If you are still leaning toward single-species options, the California Native Plant Society has a nice article by Audrey Pongs describing “Native Grass Alternatives to Lawns.” She offers two different approaches of working with meadow plants versus installing lawn replacements.

How Water Usage Weighs In

Water usage is a hot topic in California — and all this talk of turfs and lawns can’t help but circle back to water. An estimated half of all water use in California’s homes currently goes to irrigate landscaping.
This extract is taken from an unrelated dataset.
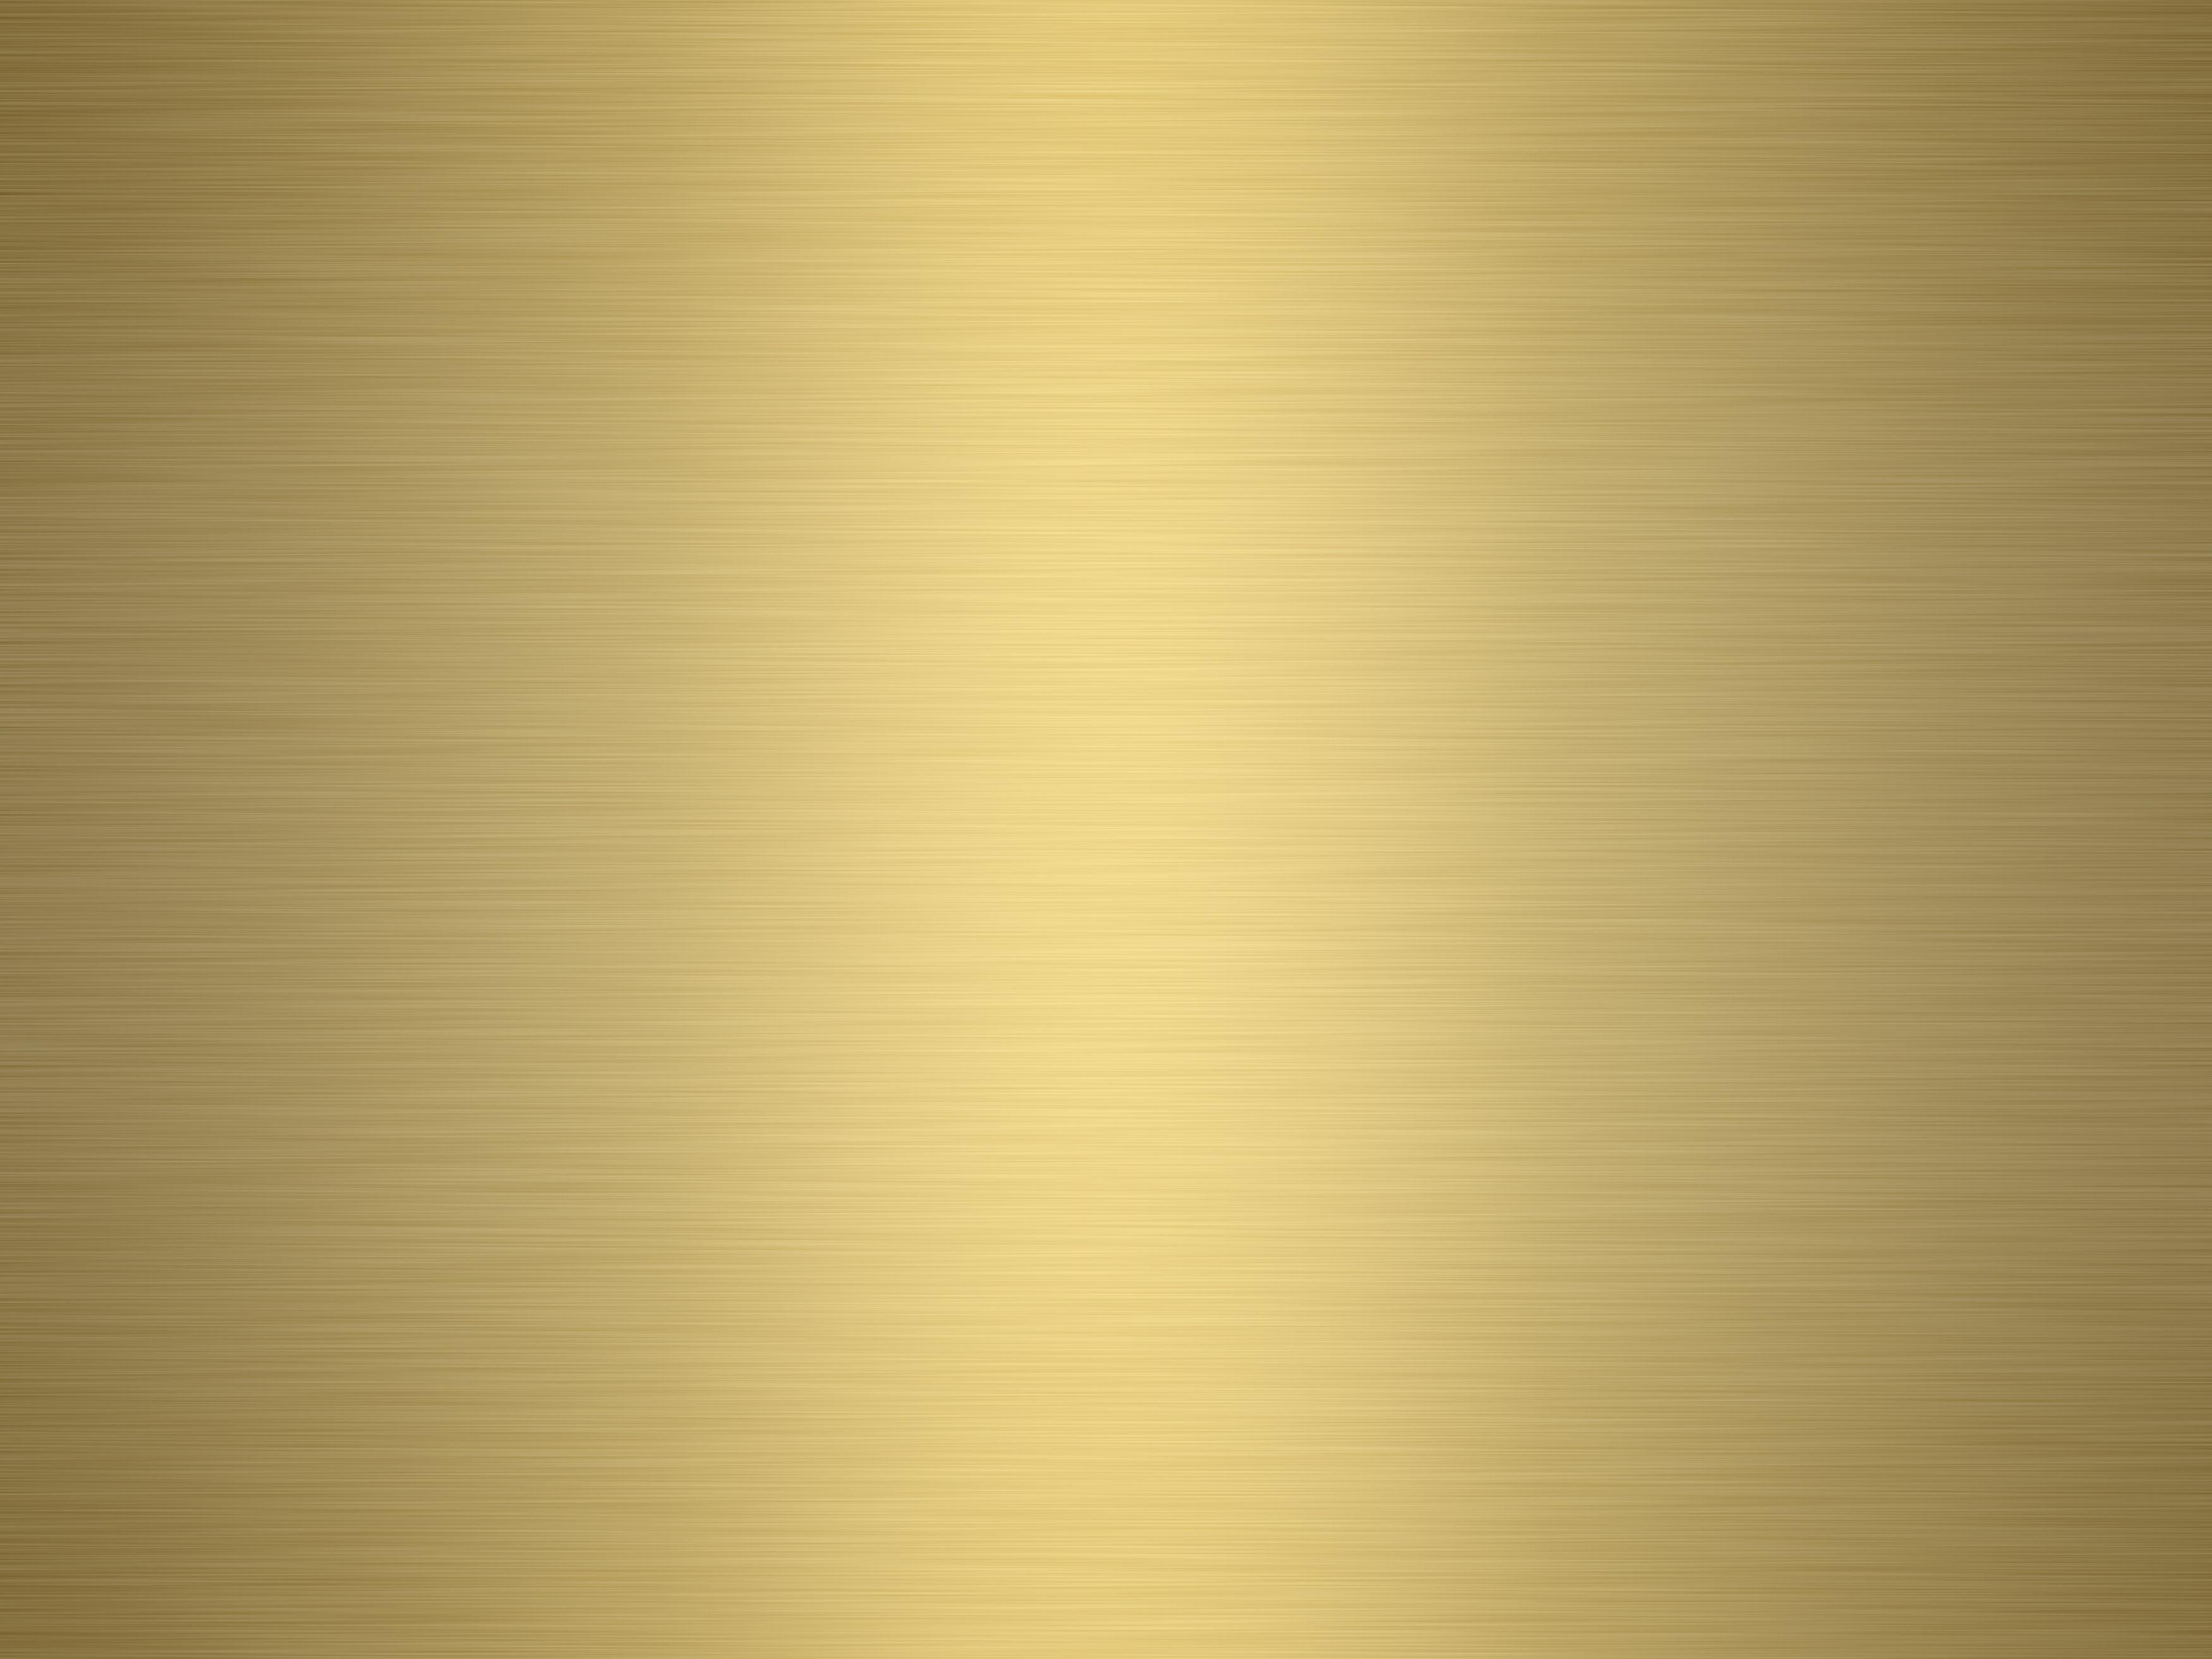 brushed gold metal background texture wwwmyfreetexturescom 1500 3500x2625

From a commercial standpoint, the recent 2023 passing of Assembly Bill 1572 declares that “the use of potable water to irrigate nonfunctional turf is wasteful and incompatible with state policy relating to climate change, water conservation, and reduced reliance on the Sacramento-San Joaquin Delta ecosystem.” I believe pressure will mount to convert more nonnative residential lawns to landscapes that require less water, and it seems logical that commercial landscapes will follow suit.

The native blue grama grass (Bouteloua gracilis) at Caretaker’s Cottage has been growing for over 30 years.
(Photo: Keith Nevison)

Gracias, Native Grasses

Let’s look to native grasses to help ease these transitions. For residences, they can provide soft, pervious walkways that frame planting beds and allow for human and pet traffic. For higher-traffic areas, the Garden will continue pursuing, studying, and experimenting with native grasses, in search of the hardiest native turf options. You can look to us to keep educating guests and promoting the conversion of nonnative turf to spaces that are beautiful, functional, and beneficial.